Bauer, üstelik, sınıfları ve sınıf mücadelesini ulusal kültürden neredeyse bütünüyle soyutluyordu. Programı, işçi sınıfını «kültürel imkânlar»a kavuşturmayı ve onu kapitalizm içinde erişemediği «ulusal kültür toplumu» na kazandırmayı amaçlıyordu. Bu yüzden, Bauer, «kültür değerleri»ni sınıf içeriğinden yoksun, mutlak tarafsız değerler gibi görüyordu. Böylece kültür dünyasının görece özerkliğini dikkate almadan, onu doğrudan doğruya toplumsal temeline indirgemek isteyen «Proletkult» («burjuva kültürü»ne karşı «proleter kültürü») yandaşlarının yaptığı yanlışlığın tam tersini yapıyordu. Bu bakımdan, Pannekoek’un Bauer’le giriştiği polemikte, proletaryanın Goethe ile Schiller’de (ya da Freiligrath ile Heine’de) burjuvaziden çok başka şeyler bulduğunu göstermesi hiç de zor olmamıştı. Proletaryanın burjuva kültür mirasıyla diyalektik bir Aufhebung (koruma/yadsıma/aşma) olan karmaşık ilişkisini Bauer, işçi sınıfının burjuva kültürünü olduğu gibi kendine maletmesine, daha doğrusu edilgin bir biçimde kabulenmesine indirgiyordu. Ulusal sorunu açıklarken kültürün belirleyici önemini vurgulamakta şüphesiz haklıydı Bauer, ancak, teorisi, en çarpıcı anlamını sosyalizmin uluslar arasında kültürel farklılaşmaların artmasına yol açtığı fikrinde bulan «ulusal kültür» kavramını gerçek bir fetiş haline getirmekle sonuçlandı. [26]

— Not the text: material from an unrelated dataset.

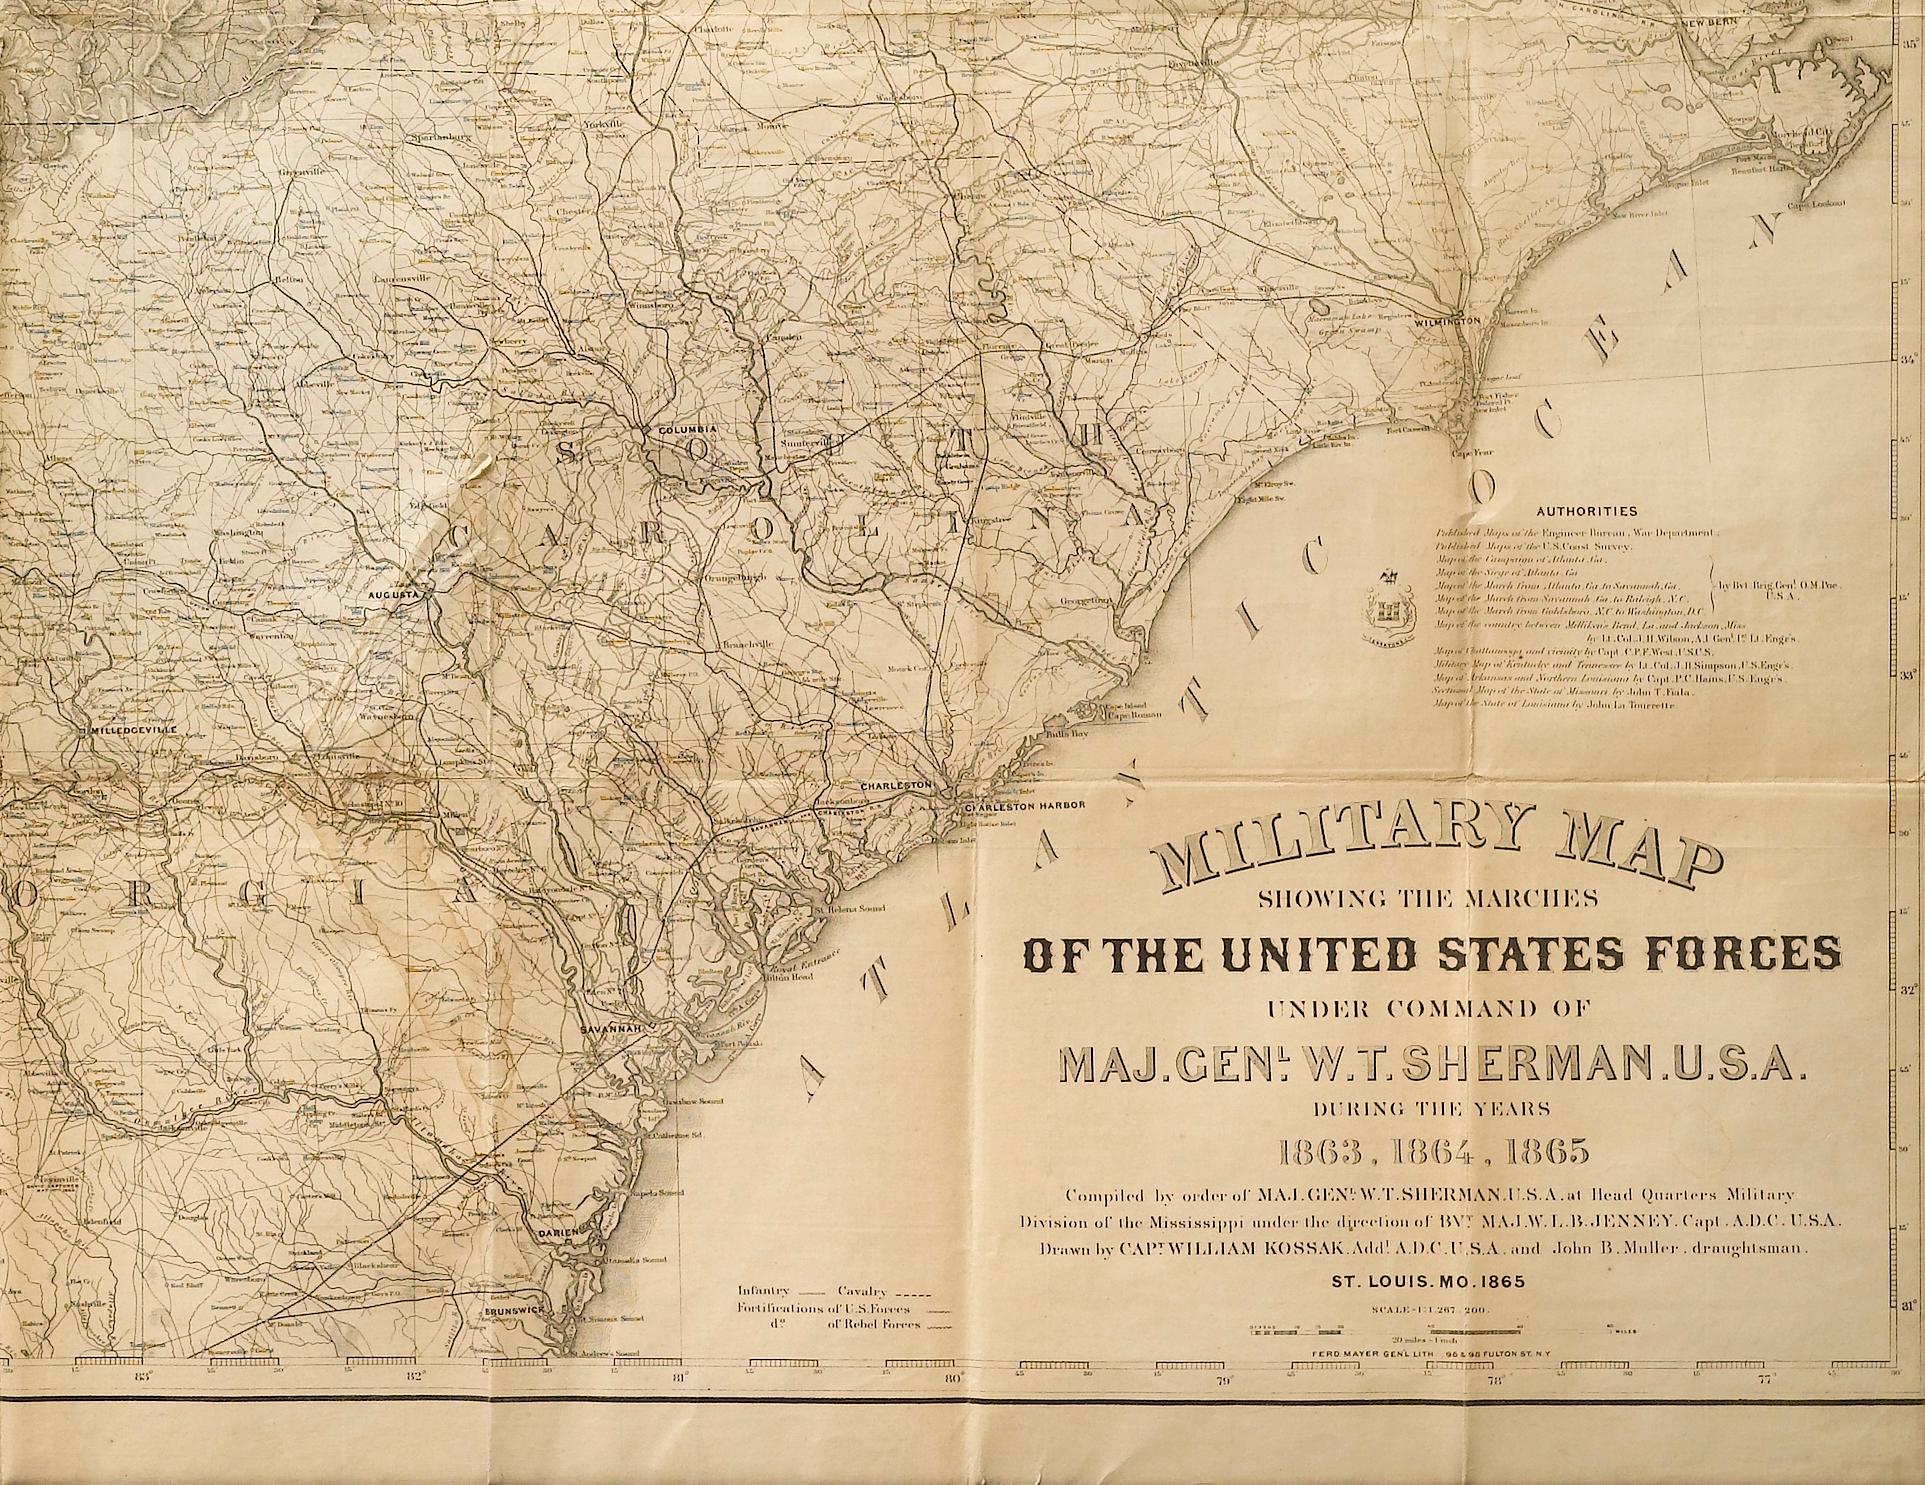 This is an 1865 issue of “Military Map Showing the Marches of the United States Forces under the Command of Maj. Gen. W.T. Sherman” which covers the years of 1863, 1864, and1865. Engraved at Head Qrs., Corps of Engineers, by H. C. Evans & F.

Sosyalizmi ve işçi hareketini «ulusallaştırma» eğilimi, çocukluk dönemindeki proletaryanın «saf kozmopolitizm»i diye nitelediği enternasyonalizme karşı çıkması ve sosyalist kültürün uluslararası olduğunu kavrayamaması yüzünden, Bauer’in teorisi, yenmeye çalıştığı milliyetçi ideolojiden kendini kurtaramamıştır. Nitekim bu teorinin yalnız Avusturya-Macaristan’da değil, Rus İmparatorluğunda (Bund, Kafkas sosyal-demokratları v.b.) ve daha başka ülkelerde işçi hareketleri içindeki milliyetçi/kültürel akımların da öğretisi durumuna gelmesi hiç şaşırtıcı değildir. Ne var ki, bu zayıf noktalarına karşın, Bauer’in eserinin, özellikle kullandığı yöntemin historisist niteliği yönünden, inkâr edilmez bir teorik değeri vardı. Ulusu, ortak bir tarihî kaderin eseri (bunun maddî temeli de insanın doğaya karşı verdiği savaştı), «durmayan bir sürecin hiç bitmeyen ürünü», geçmiş olayların billurlaşması sonucu «donmuş bir tarih parçası» olarak tanımlarken sıkı sıkıya tarihî maddeciliğe dayanıyor, burjuva ulusal muhafazkârlığına, gerici «ölümsüz ulus» efsanelerine ve ırkçı ideolojiye karşı çıkıyordu. Bu tarihî yaklaşım, Bauer’in eserine, yalnız Renner’i değil, o dönemde ulusal sorun konusunda çoğunlukla soyut ve katı yazılar yazan birçok Marksist yazarı da geride bırakan gerçek bir yöntemsel üstünlük kazandırdı. Bauer’in yöntemi varolan ulusal yapılar için tarihî bir açıklama getirmekle kalmadı, ulus’un sürekli bir dönüşüm içindeki bir hareket, bir süreç olarak anlaşılmasını da sağladı. Otto Bauer, 1848-9’da Engels’in düştüğü yanılgıya düşmekten kaçınmayı başardı: bir ulusun «tarihi olmaması» (Çekler gibi) mutlaka o ulusun geleceği olmayacak demek değildi. Orta Avrupa’da ve Balkanlarda kapitalizmin gelişmesi, «tarihsiz uluslarsın başka uluslar içinde erimesine değil, uyanmasına yol açıyordu. [27]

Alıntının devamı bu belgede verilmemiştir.